Applying for Social Security Benefits – Get Retirement Income

Information About Applying for and Receiving Social Security Retirement Benefits

Social security benefit form

For sixty percent of Americans, over half of their retirement income comes from social security. For those from low income households the percentage is higher - closer to eighty percent. While the future stability of the program is constantly debated, right now social security is fully functioning and those who have reached retirement age can collect in full.  Of course, if you still haven't retired it's not too late to make some changes to your personal saving habits which can help increase the amount you have on hand for day-to-day expenses or emergencies once you're no longer working.
If you have reached retirement age or are approaching that point in your life, and you want to know how you go about collecting retirement benefits, here is what you need to know.

  1. The earliest you can begin to receive Social Security benefit payments is age 62. However, for most people, beginning to receive benefit payments at age 62 will mean you will receive less per month than if you began receiving Social Security benefit payments at what the Social Security Administration refers to as full retirement age.

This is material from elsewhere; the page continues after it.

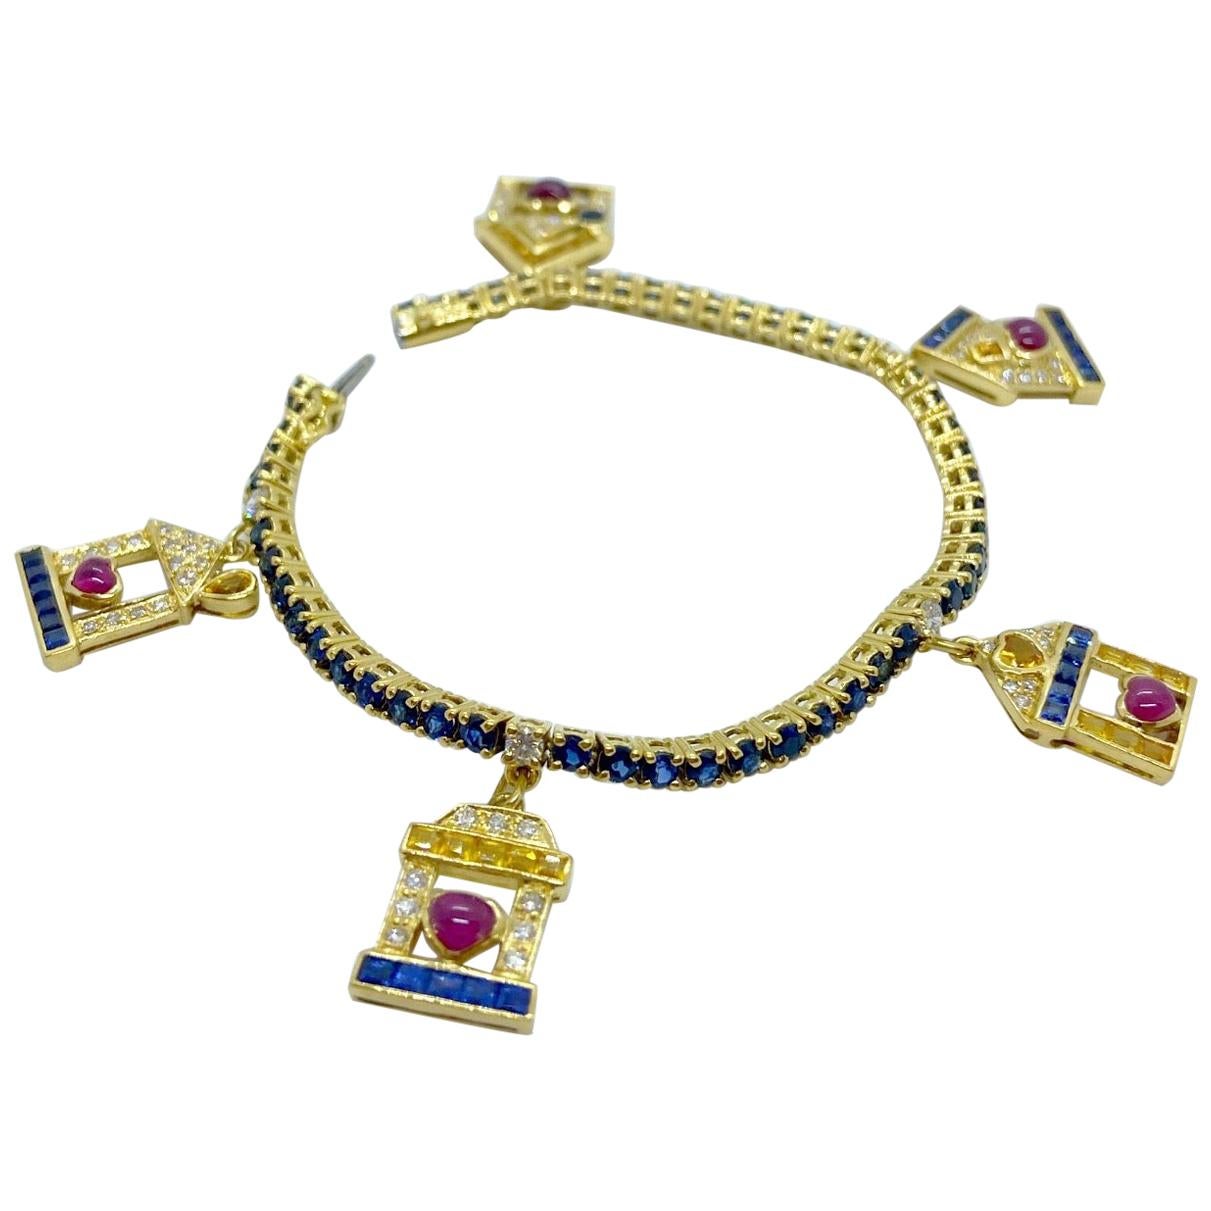 Sabbadini 18 Karat Gold Bracelet with Diamond, Ruby and Sapphire House Charms For Sale
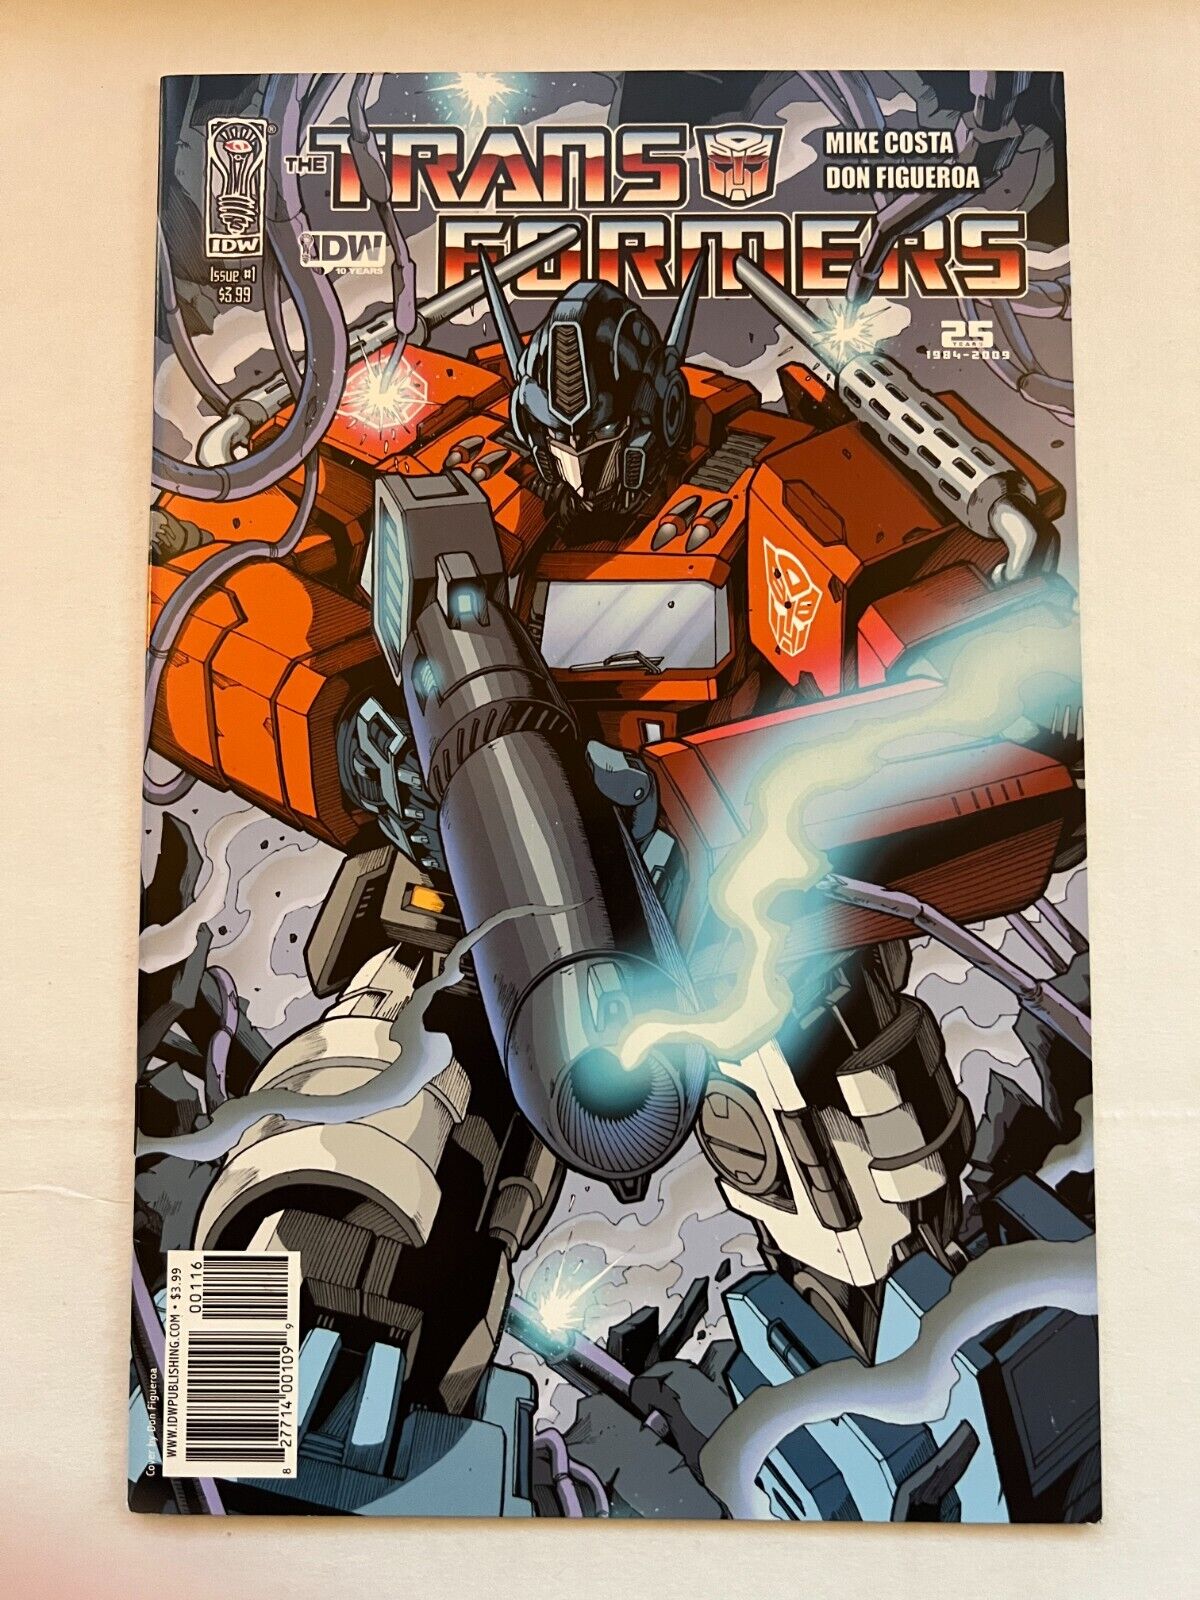 The Transformers #1 (IDW Comics, 2nd Series, 2009) OPTIMUS PRIME Cover

That age varies according the year you were born. For those born in 1937 or earlier the age is 65. For those born in 1960 or later the age is 67. For those born between 1938 and 1959, the age for full retirement age can be found on the Social Security Administration's web site.
  2. By choosing to collect Social Security benefits at age 62 instead of your full retirement age you, it is expected that you will collect benefits for a longer period of time. Therefore, even though you collect less per month, it is assumed that you will break even in the end. The Social Security Administration suggests that you contact them and talk about your options to decide which is the best option for you.
  3. You can continue to work after you've begun to receive Social Security benefit payments. However, if you choose to receive Social Security before you reach your full retirement age, your benefit payments will be reduced if you earn above an annual limit. In 2006, that limit is $12,480. Once you reach full retirement age, your Social Security benefit payments will not be reduced no matter how much money you earn.
  4. When it comes time to applying for Social Security benefits, review your Social Security Statement that is sent to you every year three months before your birthday. If have not received this statement or you do not know where it is, you can request the statement from Social Security.
  5. Once you've reviewed your expected benefit payments, you can apply for your benefits. The earliest you can apply for benefit payments is three months before your 62nd birthday. At whatever age you decide to receive your Social Security benefit payments, you need to apply three months before you want to begin receiving the benefits.
  6. There are three ways to apply. You can apply for social security online at the Social Security Administration's website. You can call toll-free at 1-800-772-1213 and apply over the phone. You can also apply in person at a local office. To locate your local Social Security information and the closest office, go here.
  7. You may be asked to provide documentation when applying for benefit payments. Typically the documentation needed is: social security card; birth certificate; proof of U.S. citizenship or lawful alien status; military discharge papers if you were in the military; W-2 from last year or last year's tax return. 

    These need to be original documents. The Social Security Administration will make copies of them and return them. While it is possible to mail these documents and have them returned to you, most people who need to provide documentation choose not to trust these important documents to the mail. They often choose to apply in person for their benefit payments.

  8. A final decision you will need to make when applying for Social Security benefit payments is how you want to receive them. You can choose to either receive a check monthly by mail or have the money directly deposited into a bank account. By having the benefit payments directly deposited, the funds are available more quickly and you remove the chance that the check will get lost in the mail or misplaced in your home.